After spending much of the last month in Silicon Valley, I can report: There is still a lot of stupid out there.
Sure, you've got your start-up success stories — your Squares, your Paths, your Birchboxes. But the Valley is also rank with stale and superfluous companies that are either doing the same thing as lots of other, better companies, or doing something nobody wants at all. And some of those companies are getting millions of dollars from venture capitalists for their ill-conceived ideas.
One prominent Valley figure described the change to me thusly: "It used to be that you needed a full business plan to get VC money. Then you needed a slick PowerPoint. Now, all you need is a movie pitch: 'It's Groupon Meets Zynga!'"
Some of the companies born as X-meets-Y derivations may succeed. But many will not, and it's our job to be willing to tell their investors and would-be investors, as VP candidate Paul Ryan put it this week, the hard truths.
So to add to our last installment, here are three more Dumb Money contenders:
Nudge ($300,000 seed round from friends and family)
Nudge bills itself as "workplace healthstyle software." Basically, you tell the Nudge app everything about your daily health routines — what you eat, how much you walk, how tired you feel — and it spits out points and badges and virtual trophies and other things that are supposed to motivate you to lay off the freaking Cheetos.
This alone is a hard goal. In order to get the kind of user base it envisions, Nudge is going to have to function as a sort of ultra-Foursquare, in which users not only log every place they go, but every frozen yogurt they eat, every dog they walk, every cigarette they smoke, every time they feel a little nap coming on. And they're going to have to pay (Nudge currently charges $2 a month) for their encouragement.
As Ryan McCarthy pointed out recently, "gamification" — the trend of turning boring and mundane processes into fun-seeming games — is the hottest idea in business management right now. But it's old news by Silicon Valley standards. Even Foursquare, which practically invented gamification-by-app, is moving away from the model, observing that its users were becoming less enticed by badges and hungrier for real-life rewards.
Wantworthy ($1 million from RRE, Google Ventures, and others)
Wantworthy, which bills itself as the "Instapaper of Shopping," is one of the many companies trying to make a buck by making your shopping experience more pleasant and webby. The site provides "an online shopping tool for tracking everything you want to buy in one place."
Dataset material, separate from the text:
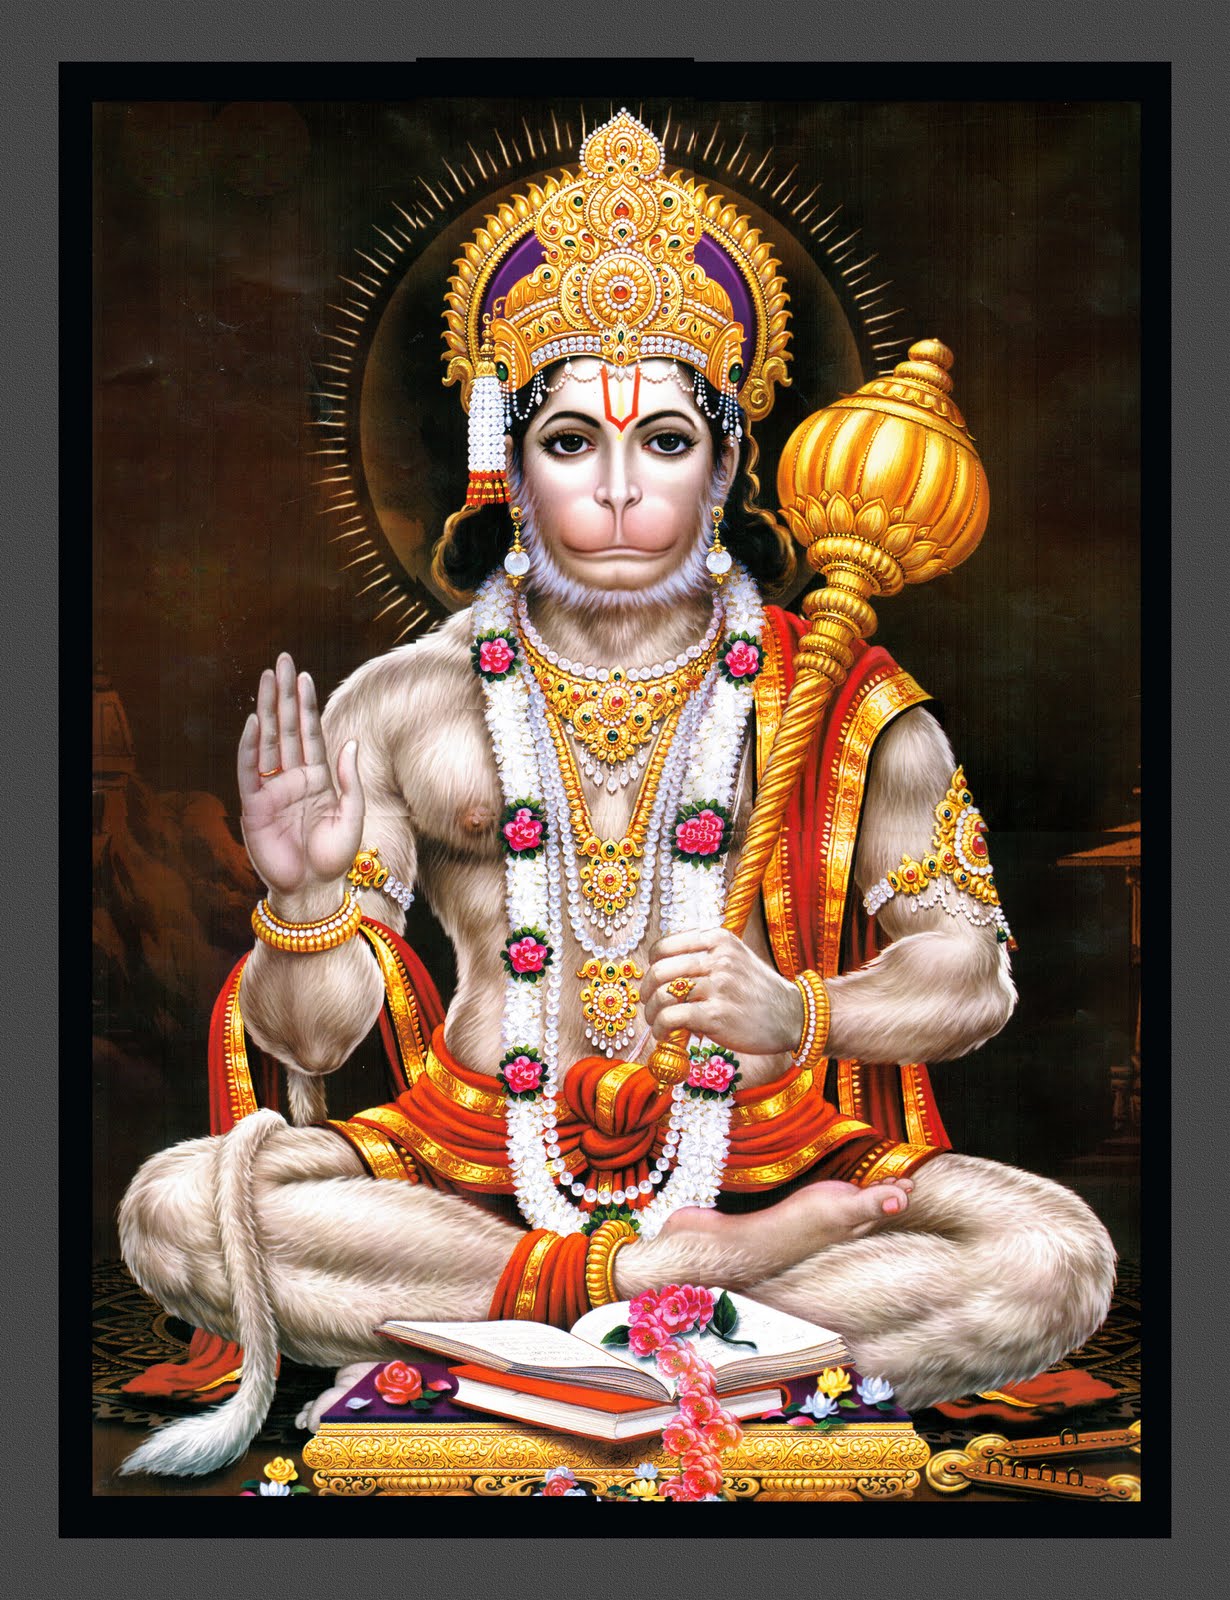 Archives De Shiva Page Sur Faq Hindou Obtenez Des R Ponses

Haven't we seen this before? After all, as TechCrunch notes, "on the surface the company might appear to be competitive with Pinterest, various bookmarking tools, or even Amazon’s Universal Wish List utility." And every week, a new site pops up (like Lyst) that claims to improve the shopping process in some vague, inchoate way. There's even a list of Pinterest clones, featuring gems like DartItUp (a Pinterest for dudes) and Snatchly (a Pinterest for porn).
Wantworthy's founders told TechCrunch it was "too soon for them to talk user numbers," which, yeah, red flag. But even if they did somehow get as many users as Pinterest, there's no indication that the basic "social shopping" model actually generates real revenue. Just this week, the director of Zappos Labs told Bloomberg that Pinterest is worse than Facebook and Twitter when it comes to converting clicks into actual purchases. That's a bad sign for Pinterest, but it's even worse for its copycats.
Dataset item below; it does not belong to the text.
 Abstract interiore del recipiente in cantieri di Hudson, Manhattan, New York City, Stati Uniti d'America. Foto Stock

Clipix (undisclosed funding amount from founder and "other angel investors from the New York area")
Clipix is a "visual bookmarking tool" that TechCrunch described as "a hybrid between Evernote and Pinterest, with a bit of Pearltrees thrown in for good measure." So, yet another Pinterest clone, but this time "for the real world," whatever that means.
To differentiate itself, Clipix recently launched a QR code generator that it hopes will be used by "companies that want to distribute promotional materials at trade shows or real estate agents who want to share real estate information."
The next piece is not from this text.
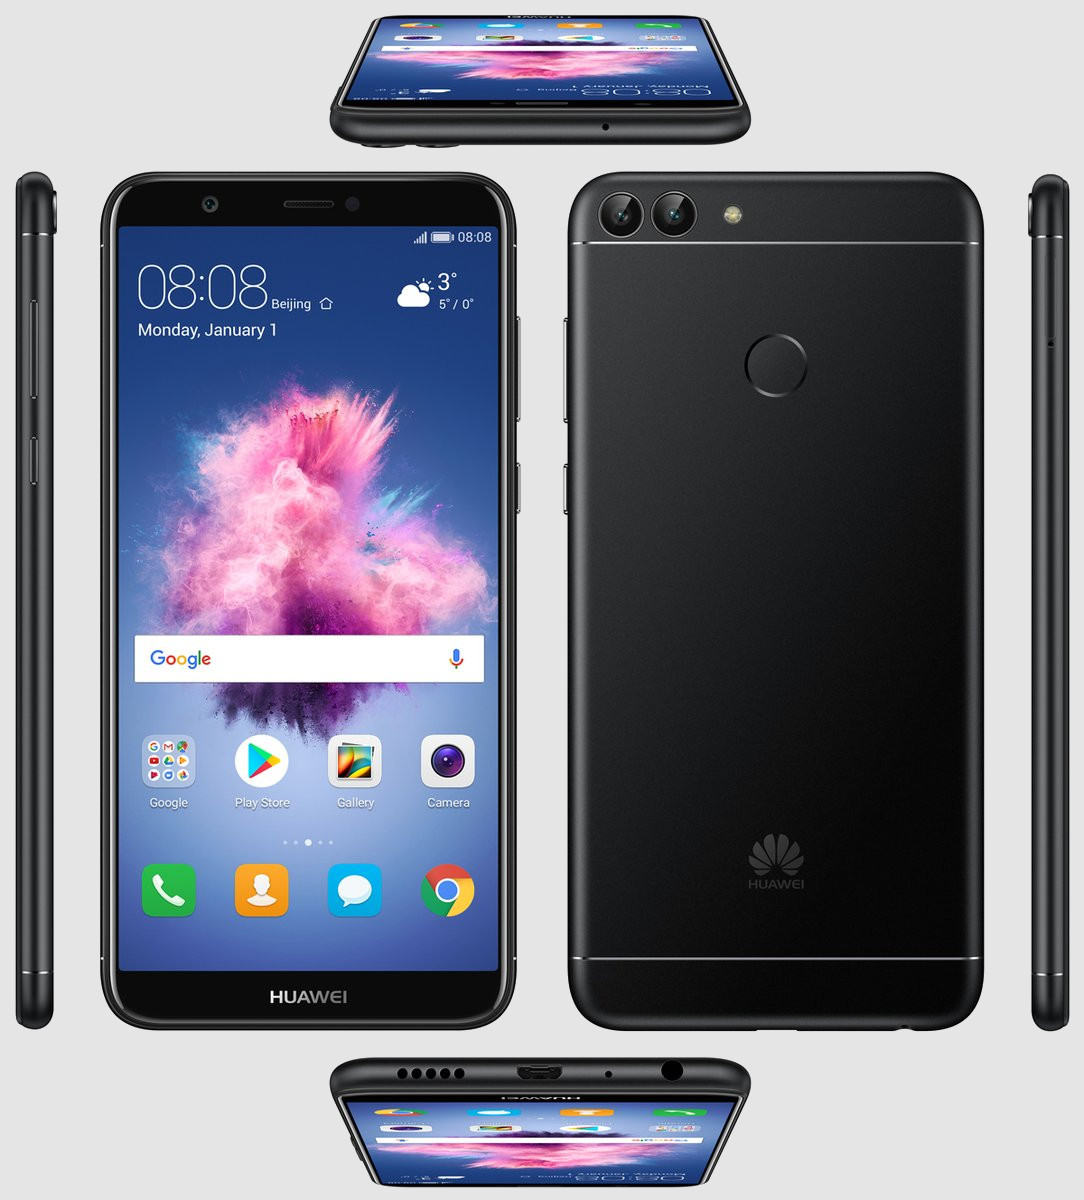 Huawei PSmart (Huawei Enjoy 7S) получит 5.65-дюймовый 18:9 дисплей и операционную систему Android 8 Oreo

QR codes, for those unfamiliar, are those little black-and-white patterny things that people are supposed to scan with their phones, but that nobody ever actually uses. A ComScore survey last year found that only 14 million people (or 6 percent of all American mobile-device users) have ever scanned a QR code, and many in the tech sphere are calling for the codes to be killed altogether.
So, to recap, Clipix is betting that real estate agents will create QR codes for their properties, then give those codes to their clients, who will have no earthly idea what to do with them.
Luckily, a minor bug like that may not matter to Clipix. Oded Berkowitz, the company's founder, recently told TechCrunch that "the company isn’t focused too much on developing a revenue stream."